Limited Liability Company hereinafter referred to as Company is a legal entity which is a capital partnership. It is established based on an agreement to conduct a business activities with authorized capital. This is entirely divided into shares or individual legal entities which all meet the criteria for Micro and meet the requirements set out in The Law on Limited Liability Companies and its implementing regulations (Law Number 11 of 2020 regarding Job Creation) which changes several definitions of Limited Liability Companies as regulated in Law Number 40 of 2007 (hereinafter referred to as UUPT). The research method used in this writing is a normative legal research method which analyzes the problem through an approach to legislation, theory and applicable principles. Talking about the applicable provisions in the important organs of the Limited Liability Company. The Limited Liability Company Organ itself is a Group of Organs consisting of the General Meeting of Shareholders (hereinafter referred to as GMS), the Board of Directors, and the Board of Commissioners. Among the three organs of a limited liability company, the directors have full authority over the company. Based on the provisions  of Article 1 paragraph (5) of the Company Law, “The Board of Directors is an organ of the Company which is authorized and fully responsible for the management of the Company for the benefit of the Company in accordance with the aims and objectives of the Company and represents the Company both inside and outside the court in accordance with the provisions of the articles of association”. Besides that, in a company, the board of directors is the party who has the most important role, both in managing the company, managing it, and advancing it.

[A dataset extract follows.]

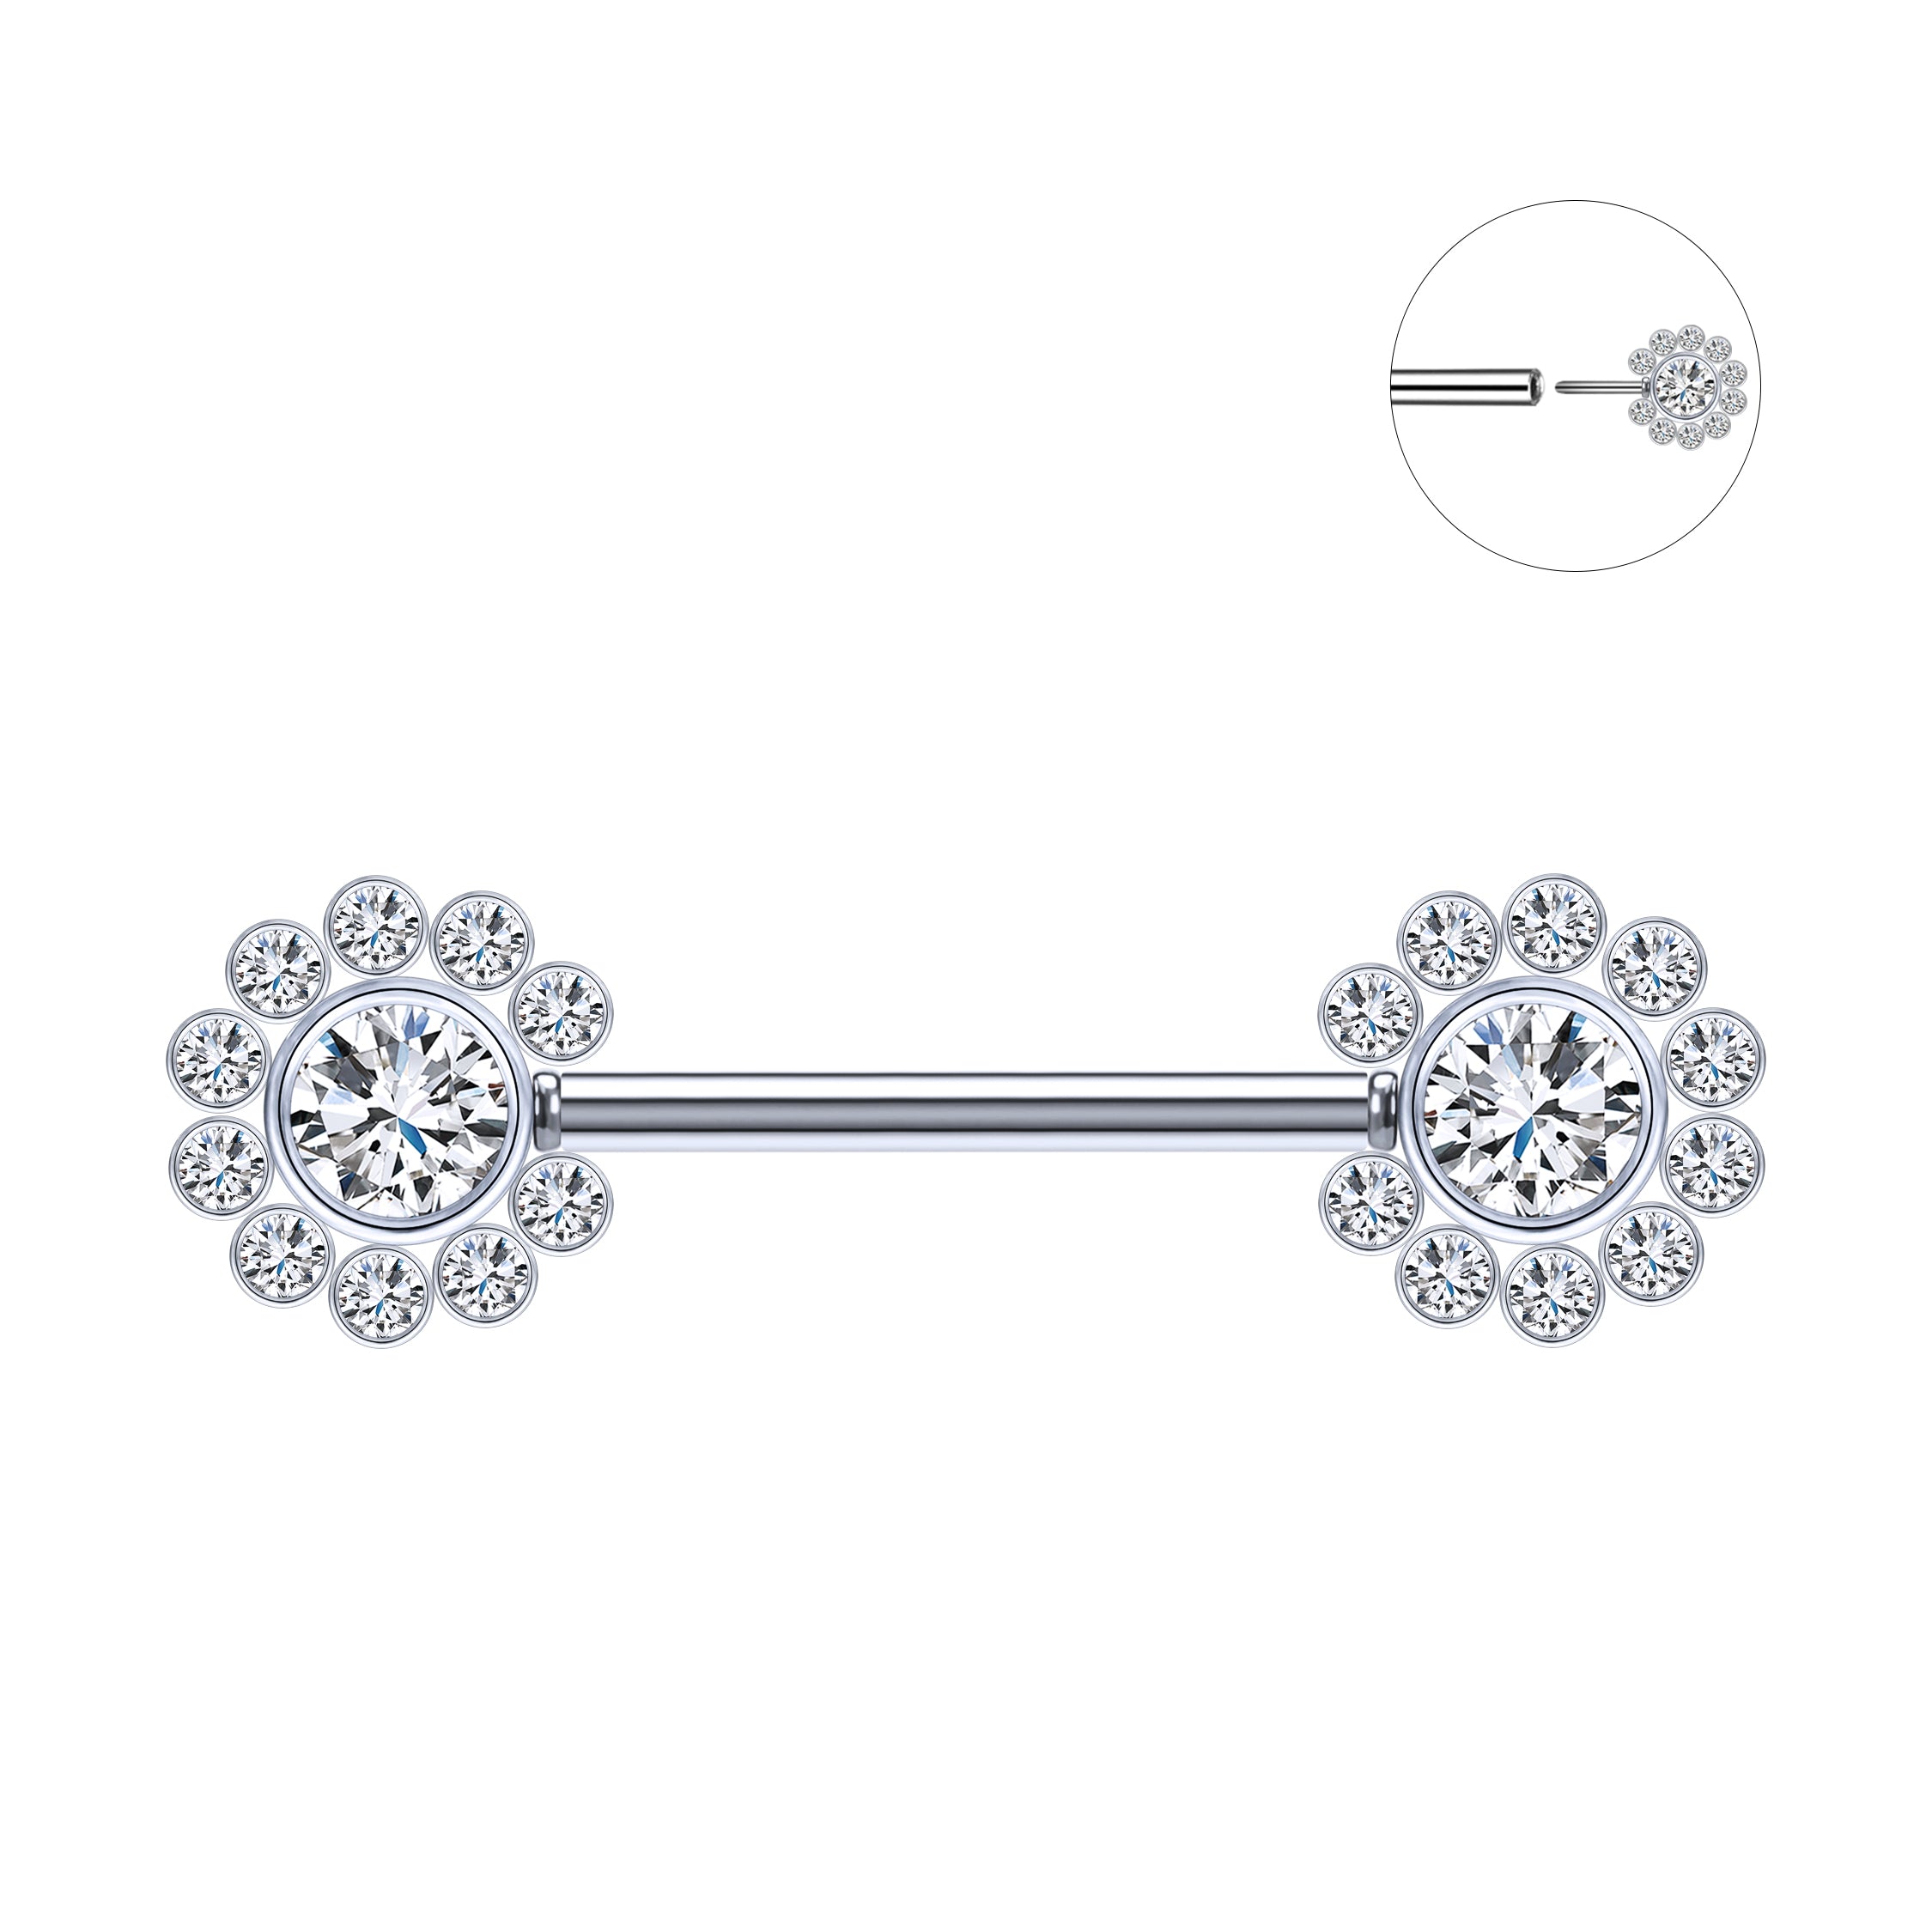 2pcs 14G Plug-in Nipple Ring Round Crystal Nipple Piercing Jewelry
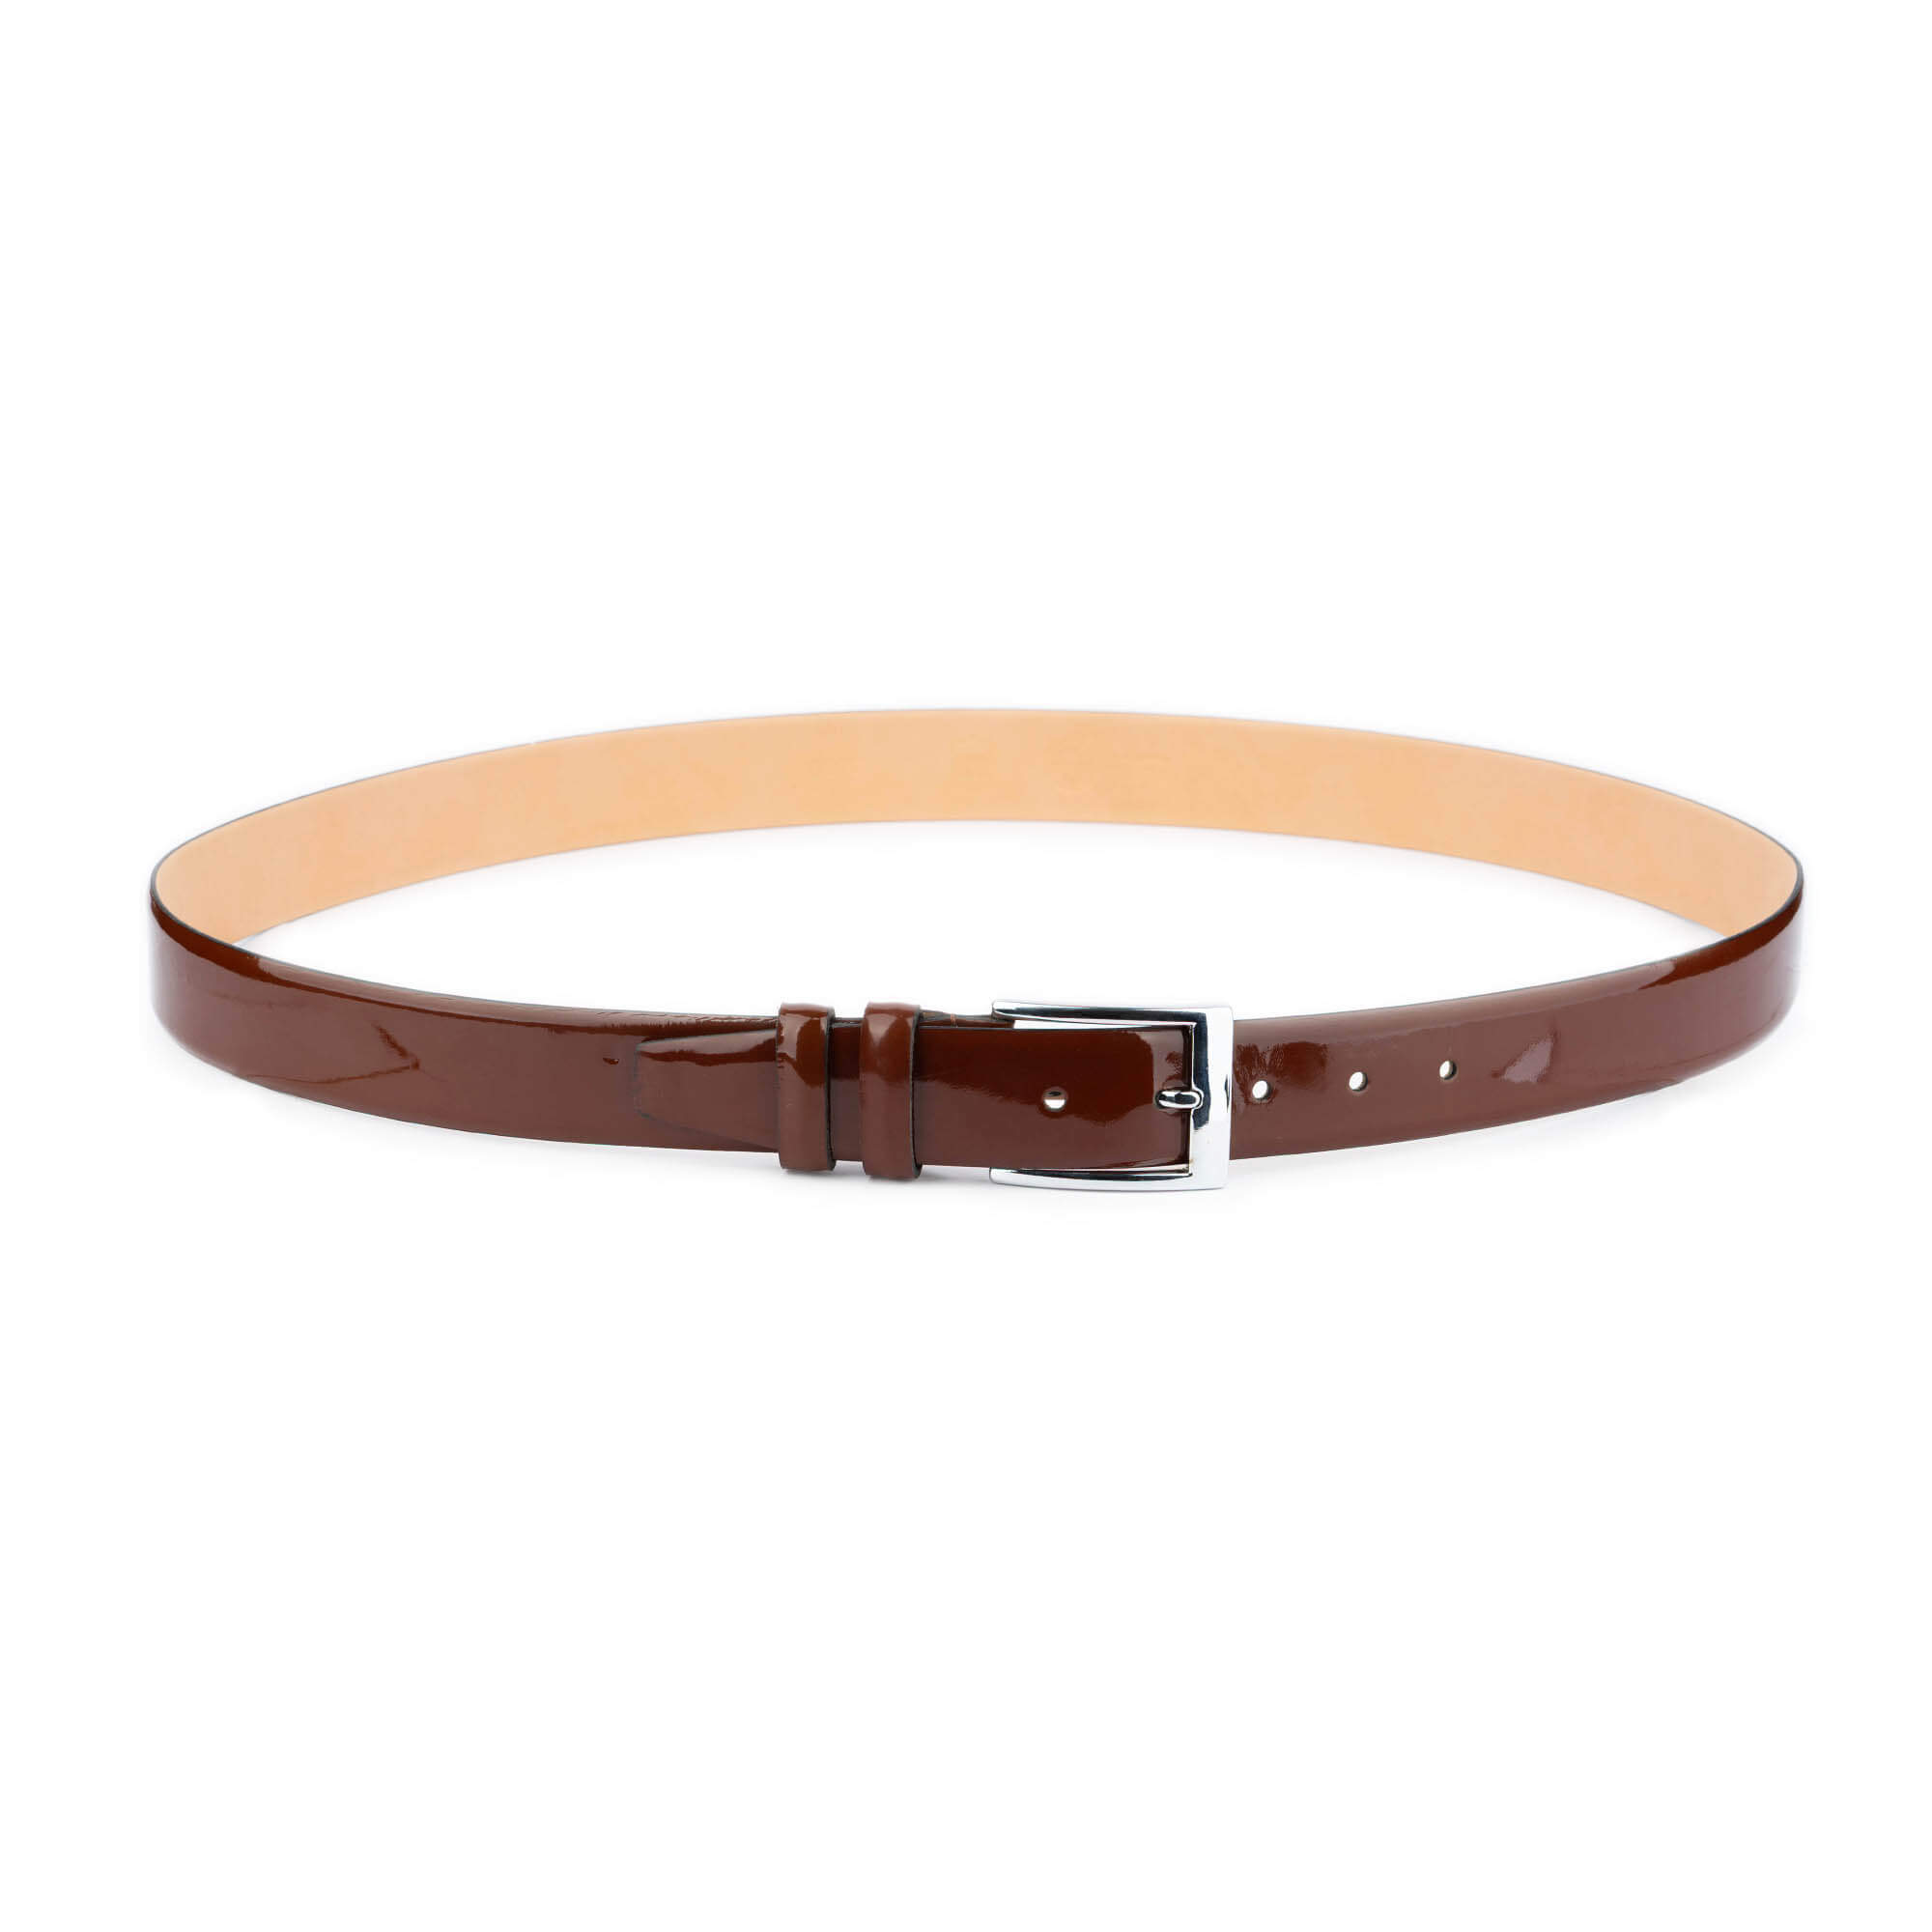 Buy Mens Brown Patent Leather Belt - Dress Luxury - LeatherBeltsOnline.com

The Board of Directors is appointed by the GMS, as referred to in Article 94 paragraph (1) of the Company Law, that; “Members of the Board of Directors are appointed by the GMS.” And further paragraph (3) members of the Board of Directors are appointed for a certain period of time and may be reappointed.
董事会与董事发生冲突时对公司执行的责任
有限责任公司(以下简称公司)是资本合伙制的法人实体。它是根据协议建立的,以法定资本进行商业活动。这完全分为股份或单独的法人实体,它们都符合微型公司的标准,并符合《有限责任公司法》及其实施条例(2020年第11号法律关于创造就业机会)的要求,该条例修改了2007年第40号法律(以下简称“UUPT”)中规定的有限责任公司的若干定义。本文采用的研究方法是一种规范的法律研究方法,通过立法、理论和适用原则的方法来分析问题。浅谈有限责任公司重要机构的适用规定。有限责任公司机构本身是由股东大会(以下简称股东大会)、董事会、董事会组成的一组机构。在有限责任公司的三个机构中,董事对公司拥有完全的权力。根据《公司法》第一条第(五)款的规定,“董事会是公司的一个机构,根据公司的宗旨和目标,为公司的利益对公司进行管理,并根据公司章程的规定在法院内外代表公司”。此外,在一个公司里,董事会是最重要的一方,无论是管理公司,管理公司,还是推动公司发展。依照公司法第九十四条第(一)款的规定,董事会由企业管理委员会任命;“董事会成员由GMS任命。”第(3)款规定董事会成员的任期为一定期限,并可连任。
本文章由计算机程序翻译,如有差异,请以英文原文为准。